* [Problem requirements]:
Two lines mark the range in the entries below: the one holding "Symphonie Fantastique - Vintage" and the one holding "Tkj:n päätösehdotus: Khall". Set down those two and all lines between them, exactly.

* [Supplied records]:
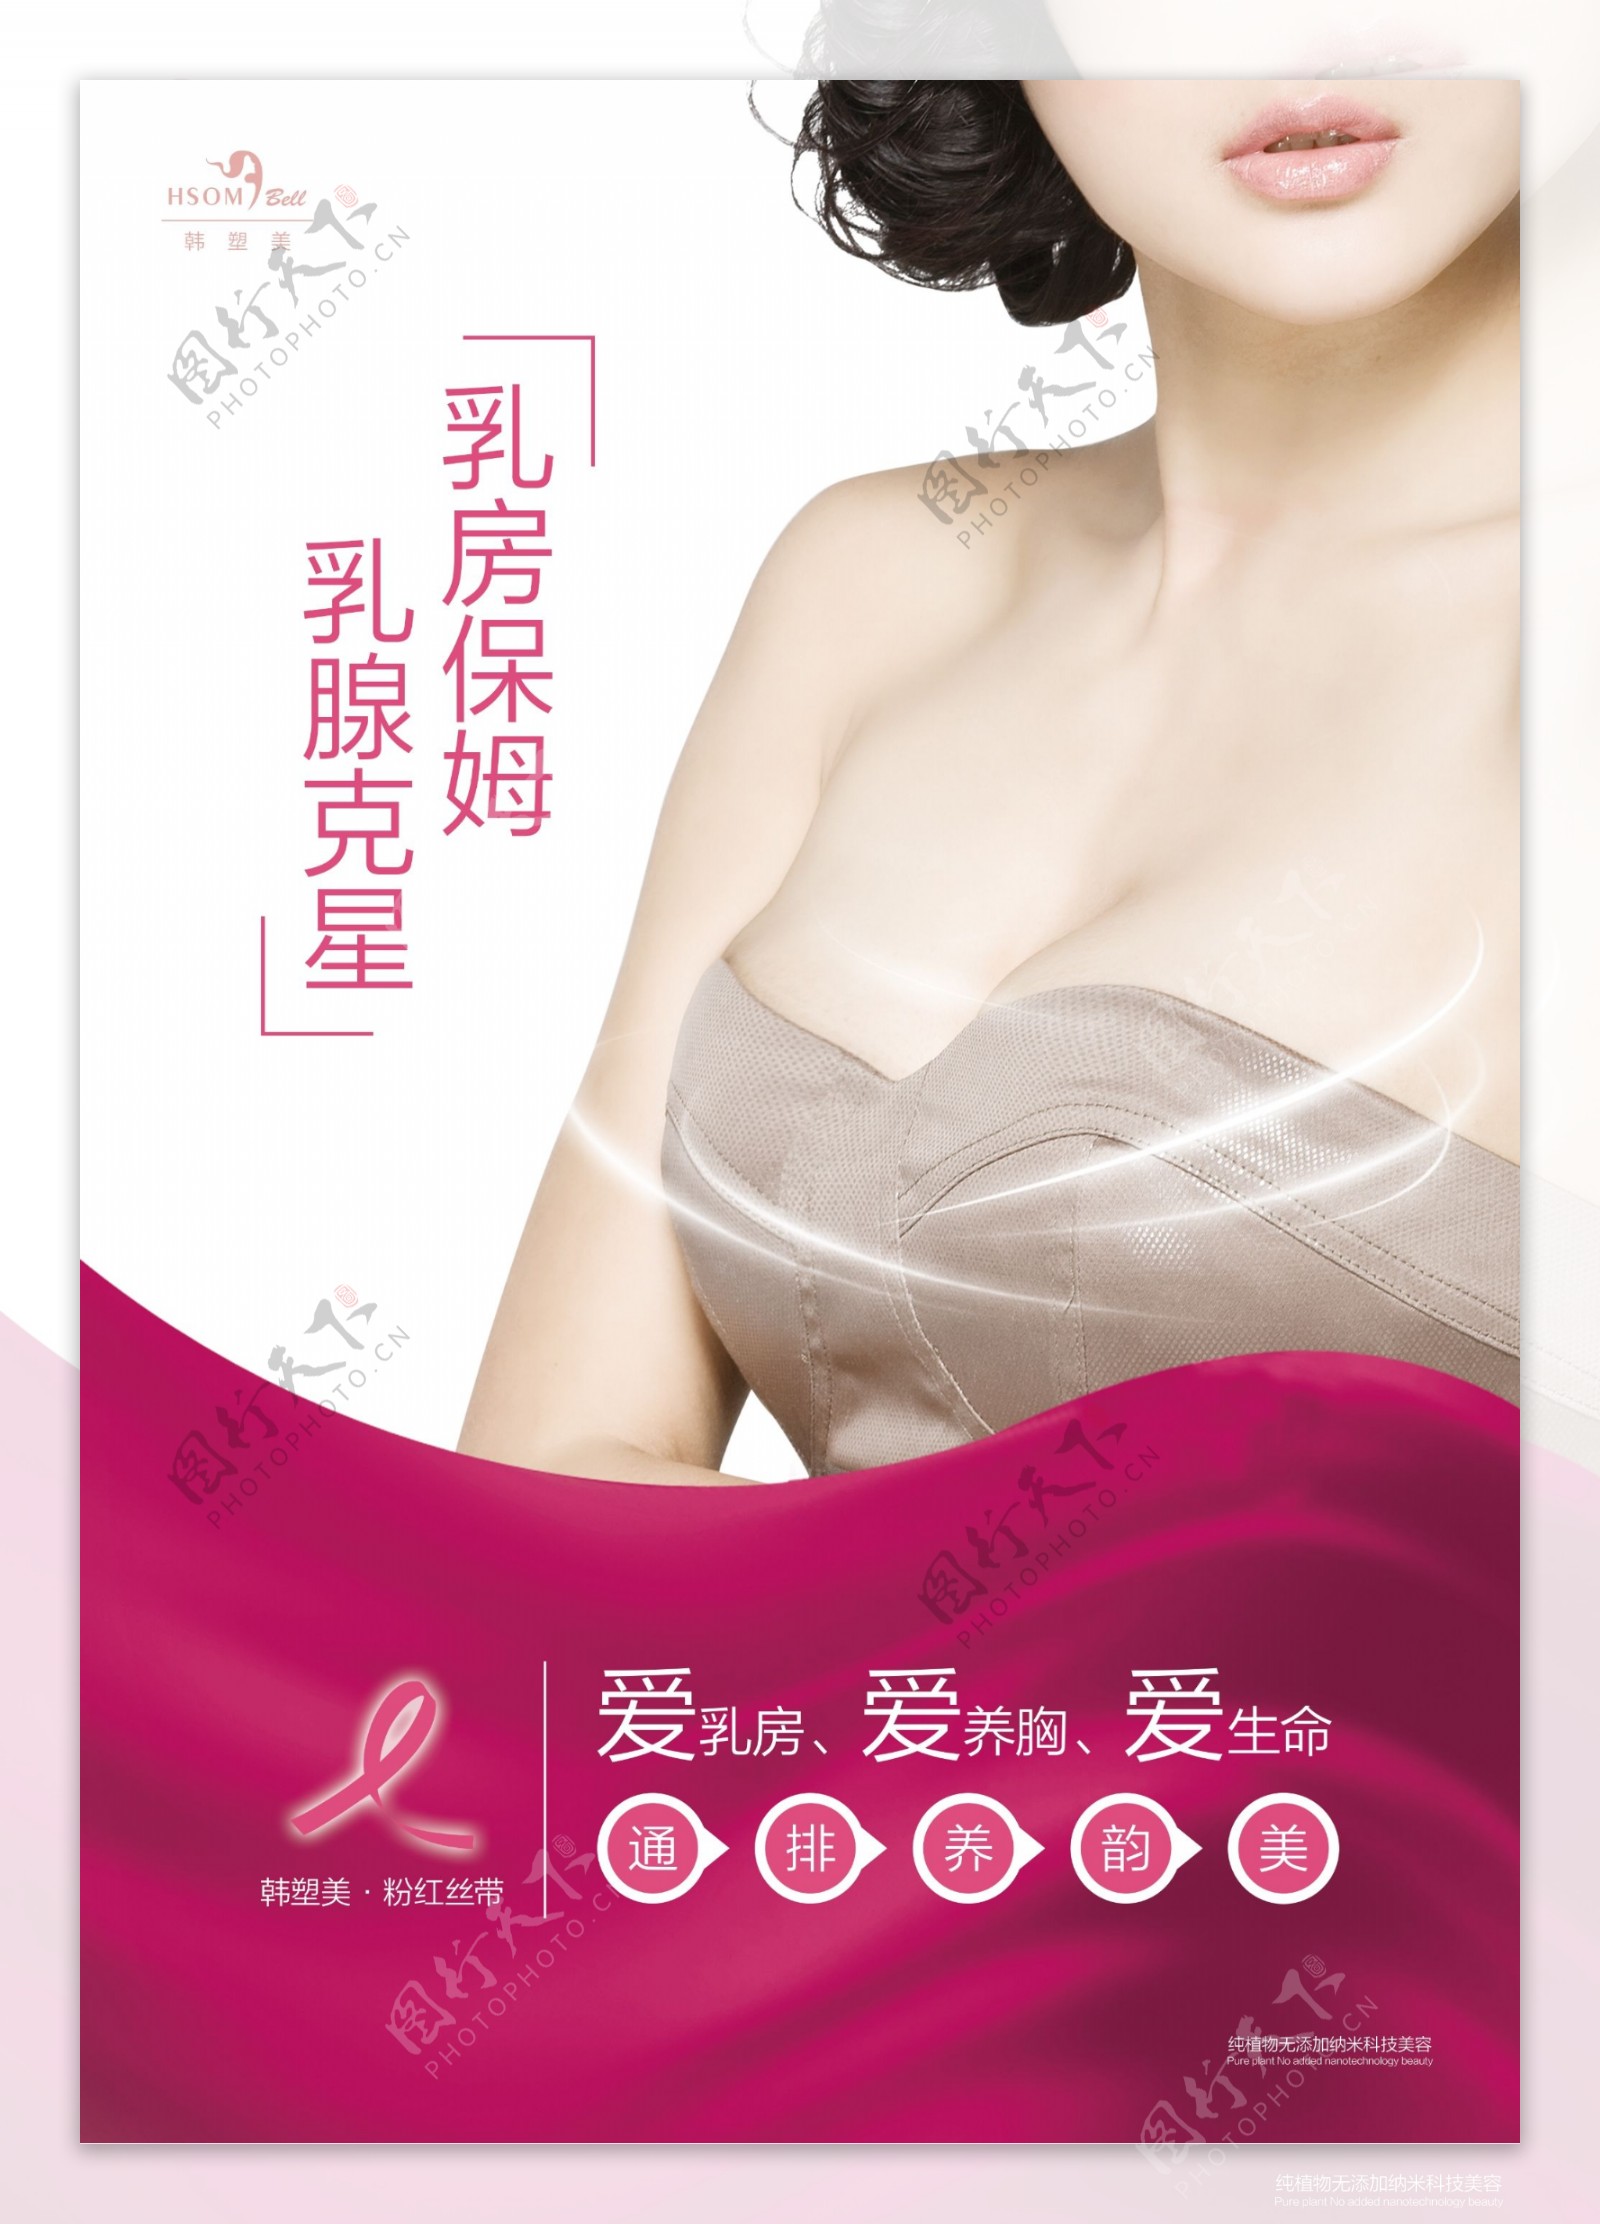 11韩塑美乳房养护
--
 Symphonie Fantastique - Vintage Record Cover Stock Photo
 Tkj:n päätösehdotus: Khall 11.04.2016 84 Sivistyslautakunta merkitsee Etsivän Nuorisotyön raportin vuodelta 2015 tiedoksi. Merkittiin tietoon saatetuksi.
* * *
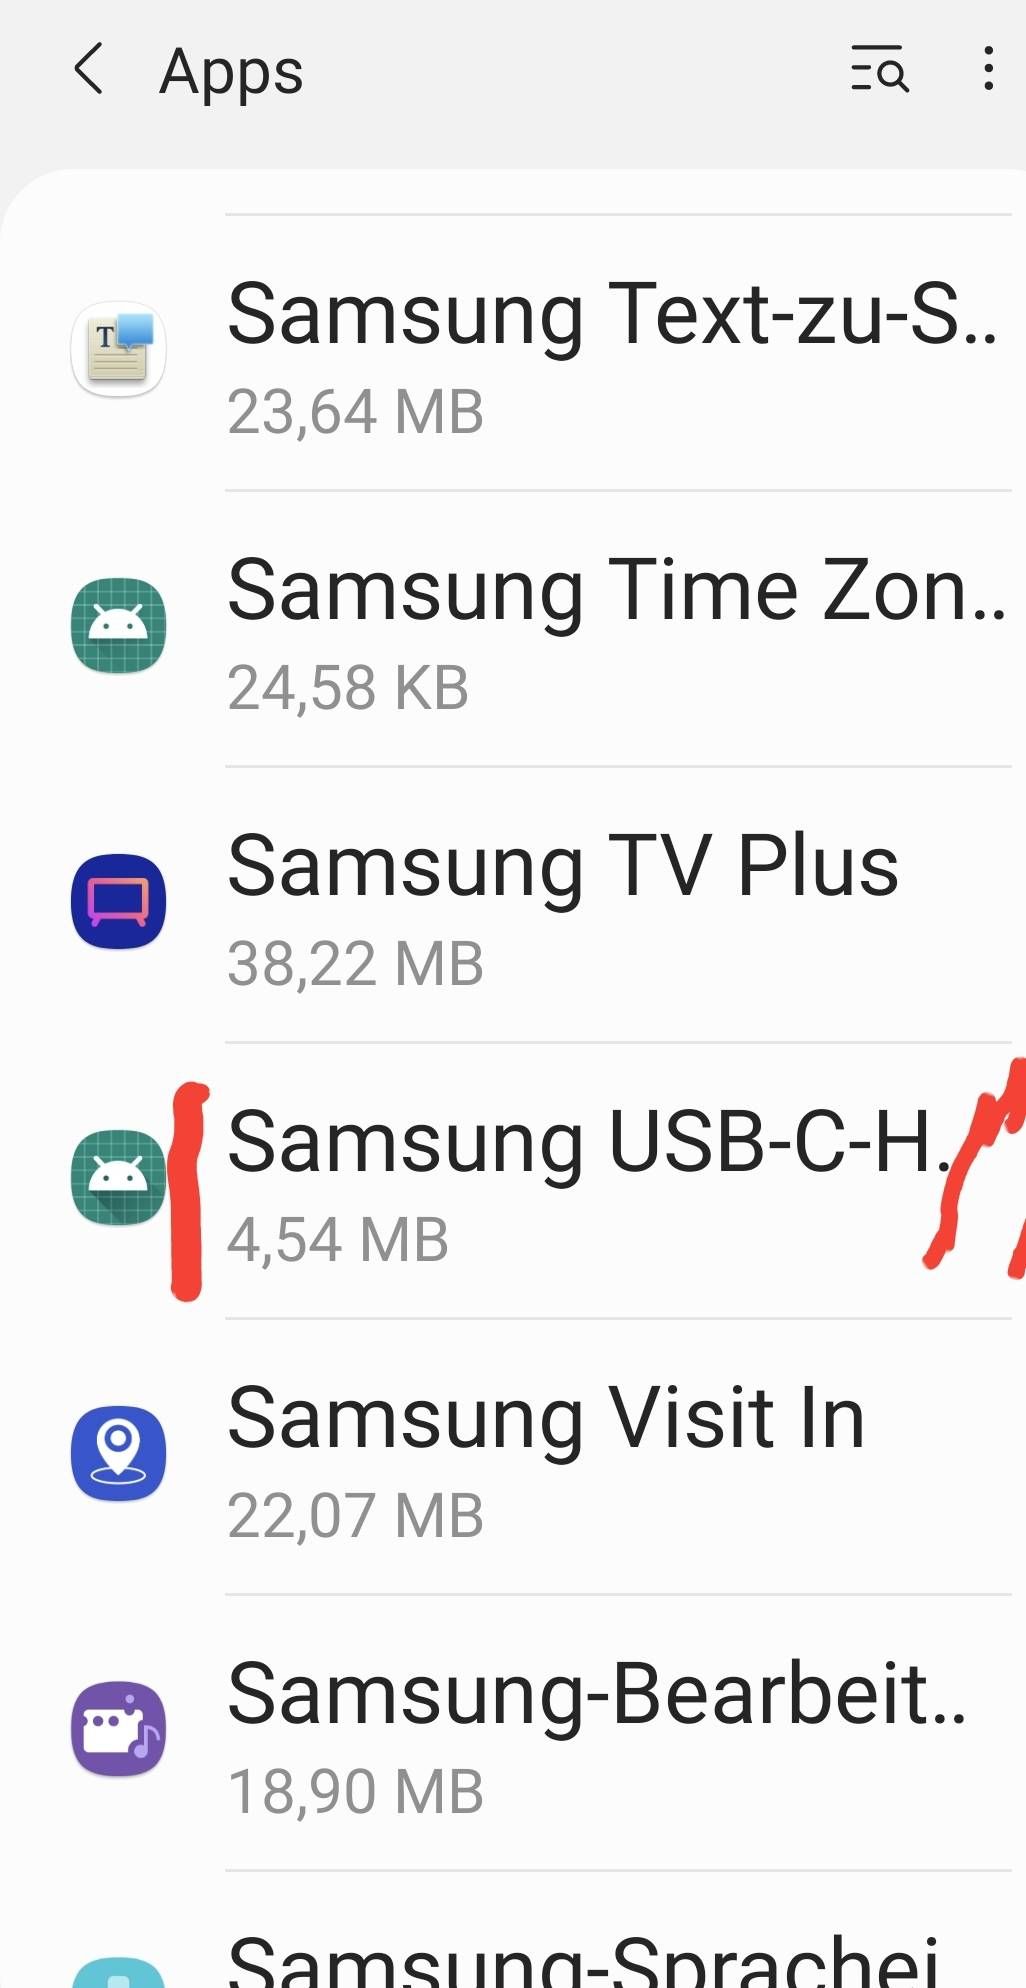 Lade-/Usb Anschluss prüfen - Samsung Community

* [Finished exercise]:
 Symphonie Fantastique - Vintage Record Cover Stock Photo
 Tkj:n päätösehdotus: Khall 11.04.2016 84 Sivistyslautakunta merkitsee Etsivän Nuorisotyön raportin vuodelta 2015 tiedoksi. Merkittiin tietoon saatetuksi.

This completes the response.